The structure for a story and for an essay it's not that different. Both types need to have an introduction, development and conclusion. Only, for an essay they are supposed to do some research. It still needs some creativity, in that you are not supposed to just copy sentences from the sources. You are supposed to explain in your own words and make your own associations.
In the early years they still need a lot of help with research (I have a 9 year old).

TeenAndTween · 10/10/2014 15:57

I agree it is a problem if that is all they are doing.

What about Instructions, Persuasion etc?

MilkRunningOutAgain · 10/10/2014 16:03

It was the same at DSs primary. He has just gone to secondary where there is much less creative writing involved, and much more factual writing, he enjoys it much more.

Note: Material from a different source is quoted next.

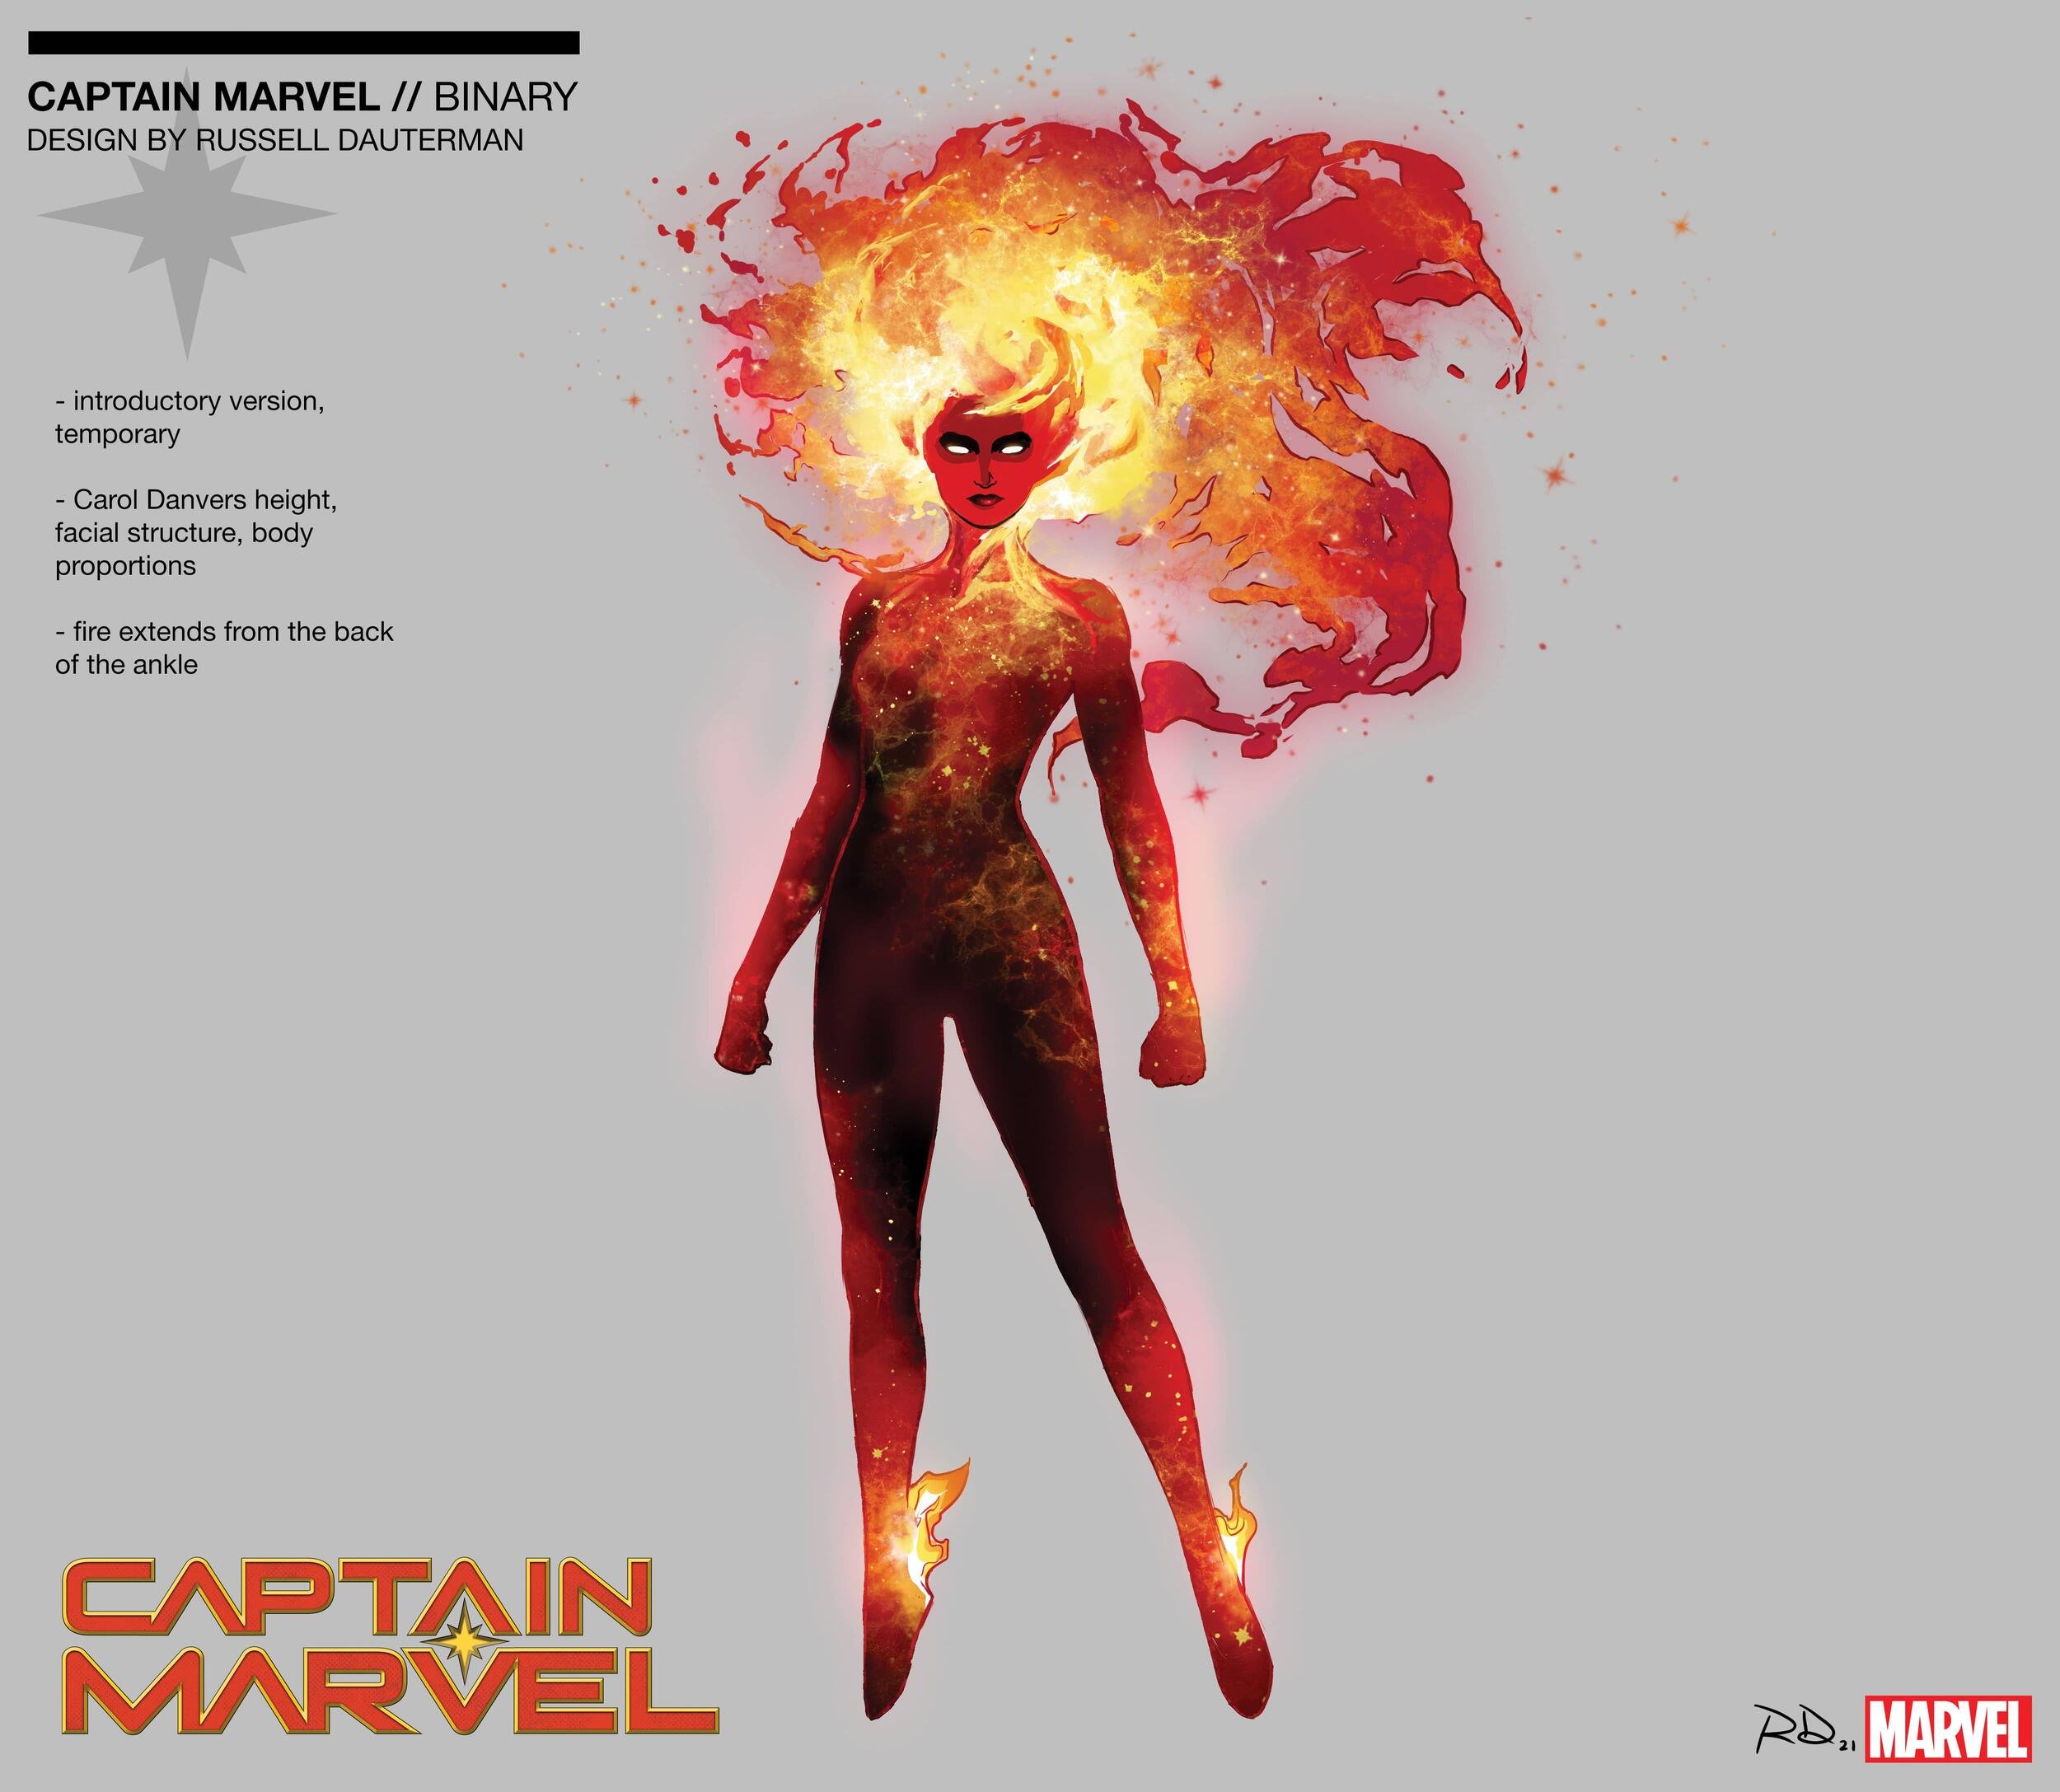 Il design della nuova Binary che sostituisce Captain Marvel, di Russell Dauterman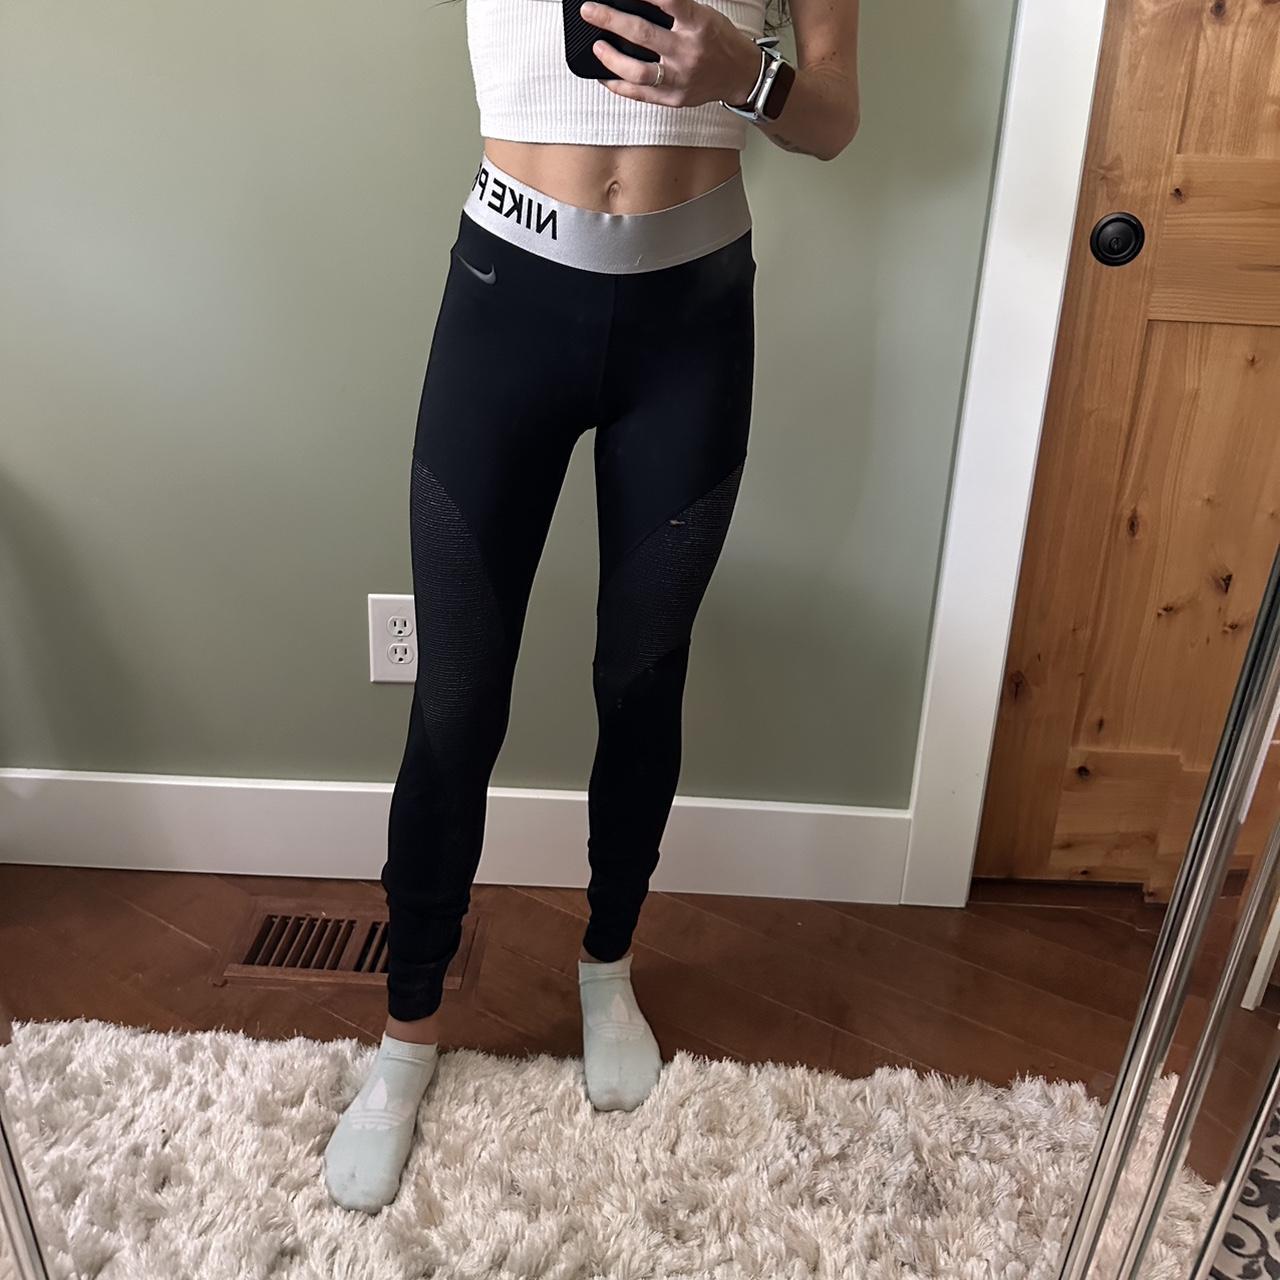 Nike Dri-fit leggings in Black

Thatssofunny · 10/10/2014 20:15

How odd. I don't think I've ever set a story as homework. (My class' English homework tends to be spelling, reading and grammar.) Stories need to be planned, developed, drafted and redrafted, before the final version is eventually created. The entire process takes ages.
We cover one narrative and one non-fiction text type per term. The narrative will focus on a different aspect each time. For non-fiction texts, mine know that they usually need an introduction, middle section and conclusion. They are beginning to link sections more successfully and to develop and control how they structure their texts.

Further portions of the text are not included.